4. Sublease and Assignment.
Tenant shall have the right with Landlords consent, to assign this Lease to a corporation with which Tenant may merge or consolidate, to any subsidiary of Tenant, to any corporation under common control with Tenant, or to a purchaser of substantially all of Tenants assets. Except as set forth above, Tenant shall not sublease all or any part of the Leased Premises, or assign this Lease in whole or in part without Landlords consent, such consent not to be unreasonably withheld or delayed.
5. Repairs.
During the Lease term, Tenant shall make, at Tenants expense, all necessary repairs to the Leased Premises. Repairs shall include such items as routine repairs of floors, walls, ceilings, and other parts of the Leased Premises damaged or worn through normal occupancy, except for major mechanical systems or the roof, subject to the obligations of the parties otherwise set forth in this Lease.
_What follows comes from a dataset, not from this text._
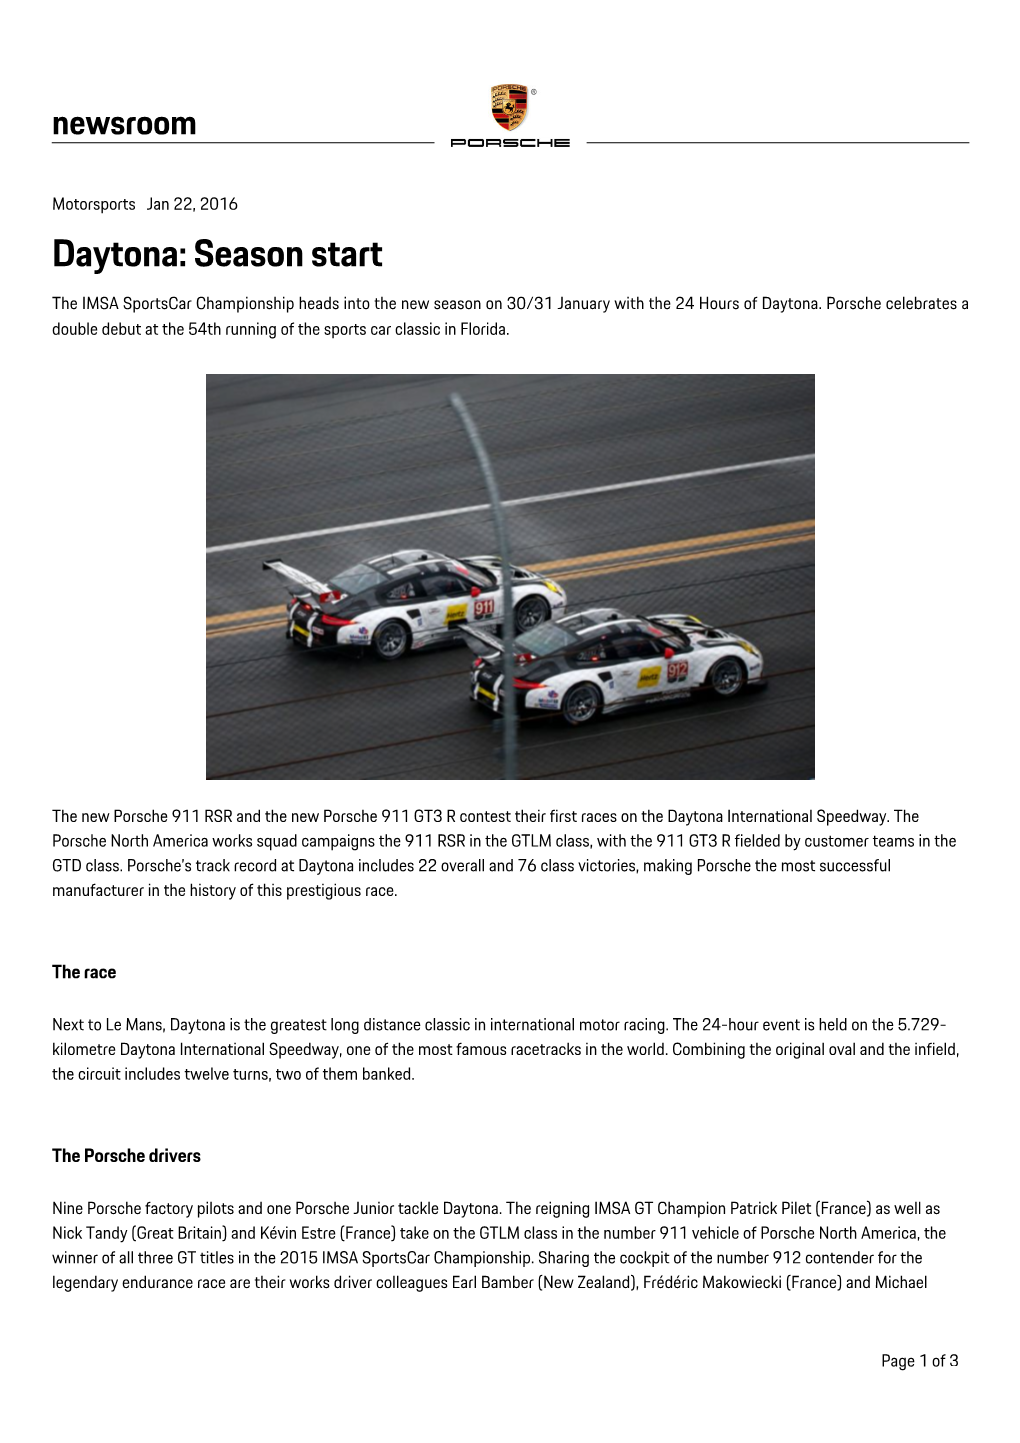 Daytona: Season Start the IMSA Sportscar Championship Heads Into the New Season on 30/31 January with the 24 Hours of Daytona

6. Alterations and Improvements.
Tenant, at Tenants expense, shall have the right following Landlords consent to remodel, redecorate, and make additions, improvements and replacements of and to all or any part of the Leased Premises from time to time as Tenant may deem desirable, provided the same are made in a workmanlike manner and utilizing good quality materials. Tenant shall have the right to place and install personal property, trade fixtures, equipment and other temporary installations in and upon the Leased Premises, and fasten the same to the premises. All personal property, equipment, machinery, trade fixtures and temporary installations, whether acquired by Tenant at the commencement of the Lease term or placed or installed on the Leased Premises by Tenant thereafter, shall remain Tenants property free and clear of any claim by Landlord. Tenant shall have the right to remove the same at any time during the term of this Lease provided that all damage to the Leased Premises caused by such removal shall be repaired by Tenant at Tenants expense.
7. Property Taxes.
Landlord shall pay, prior to delinquency, all general real estate taxes and installments of special assessments coming due during the Lease term on the Leased Premises, and all personal property taxes with respect to Landlords personal property, if any, on the Leased Premises. Tenant shall be responsible for paying all personal property taxes with respect to Tenants personal property at the Leased Premises.
8. Insurance.
A. If the Leased Premises or any other part of the Building is damaged by fire or other casualty resulting from any act or negligence of Tenant or any of Tenants agents, employees or invitees, rent shall not be diminished or abated while such damages are under repair, and Tenant shall be responsible for the costs of repair not covered by insurance.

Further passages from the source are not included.